Rares sont les comédies françaises à survivre aux impératifs télévisuels, aux sophistications pompeuses ou à cette infâme franchouillardise éternellement réquisitionnée. Vu le contexte, le mérite de Travaux n’est que plus grand. Frêle actrice-réalisatrice (Outremer, Post coitum animal triste), Brigitte Roüan a trouvé là un dosage miracle pour filmer un joyeux bordel qui déborde de tout et son contraire : humanisme militant, acteurs du terroir périmés ou encore frais, dispositifs entremêlés (vaudeville, burlesque, répétitions, cartoon). Et surtout un généreux brassage des générations -références et personnes confondues-, Tournez manège version cinoche où les Marx Brothers s’accouplent aux Charlots au rez-de-chaussée, tandis que Michel Blanc (période eighties) et Blake Edwards forniquent joyeusement au premier sous l’oeil malin de Jacques Demy.

Le désordre ne fait pas peur à Brigitte Roüan qui resserre le film par un tempo soutenu. Peu importe le chambranle permanent, voire quelques séquences étirées ou loupées, la cinéaste a une telle confiance en l’univers du film qu’elle ne lâche jamais son spectateur. La piété quasi-chrétienne et la jouissance anarchique, c’est ça l’équation du film, détruire un appartement bourgeois pour le reconstruire en Arche de Noé altermondialiste dans la bonne humeur. L’ouverture, qui montre une Carole Bouquet super avocate voler langoureusement dans les airs pour défendre son client (Jean-Pierre Castaldi), est autant un départ canon qu’un décodeur esthétique. Sans papiers, star bourgeoise, acteurs-vestiges (Aldo Maccione quand même) ou boulevardiers, ludisme cinéphile et ringardise assumée, le plaisir vient autant de la confrontation sociale que d’une ballade truculente d’un individu à l’autre.

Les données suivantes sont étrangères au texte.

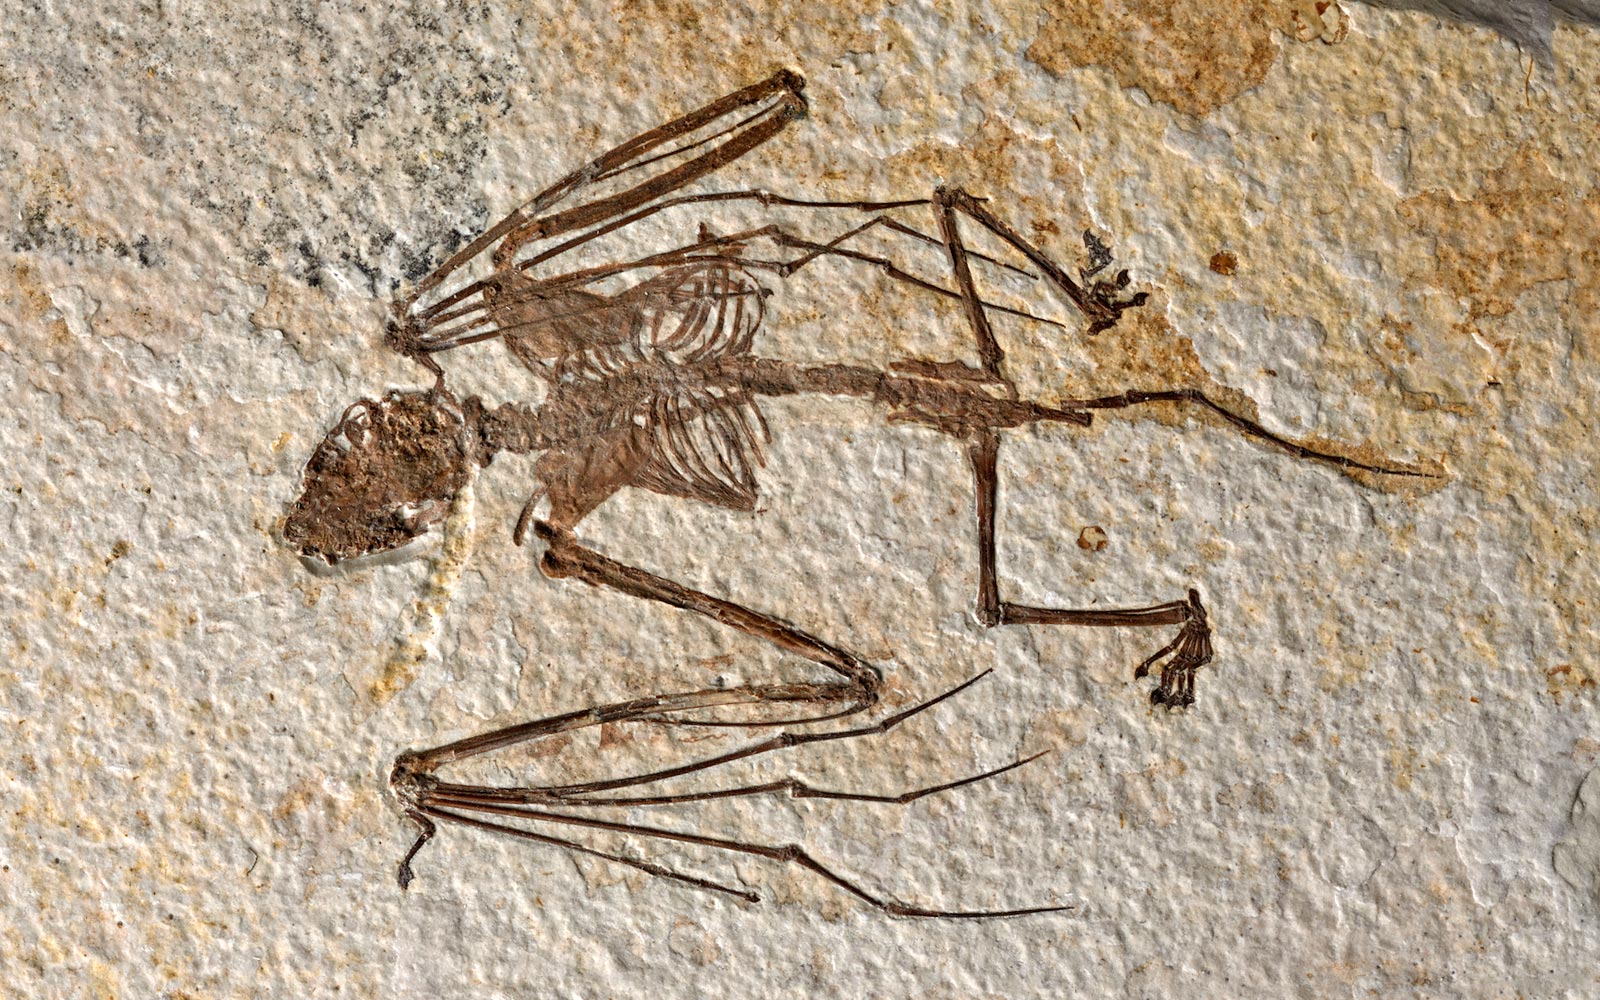 5200만년 된 박쥐 골격은 새로운 종과 비행 포유류의 진화에 대한 단서를 보여줍니다.

C’est dans sa respiration que le film atteint une précieuse virtuosité. Roüan aurait pu verser dans la complaisance bordélique pour justifier n’importe quoi. Pourtant, elle s’en sort. Par la cause militante (les sans papiers), filigrane qui traverse et nourrit la comédie. La cinéaste fixe même deux cadres : l’un enchanté, pour rêver en toute quiétude et créer la fantaisie (l’appartement), l’autre plus âpre, pour témoigner et compatir (les manifs, les squats africains de Paris). Elle trouve aussi l’antidote à l’humanisme bêlant, en associant au brassage ethnique les contrastes sociaux de la société du spectacle. Il y a là autant de jubilation à salir les plans comme un salle gosse que de revendiquer haut et fort le génie des poubelles du showbizz. La palme revenant à Jean-Pierre Castaldi, fabuleux en amant porcin de Carole Bouquet : sa corpulence épaisse et son pif aviné n’ont jamais été autant servi par la mise en scène.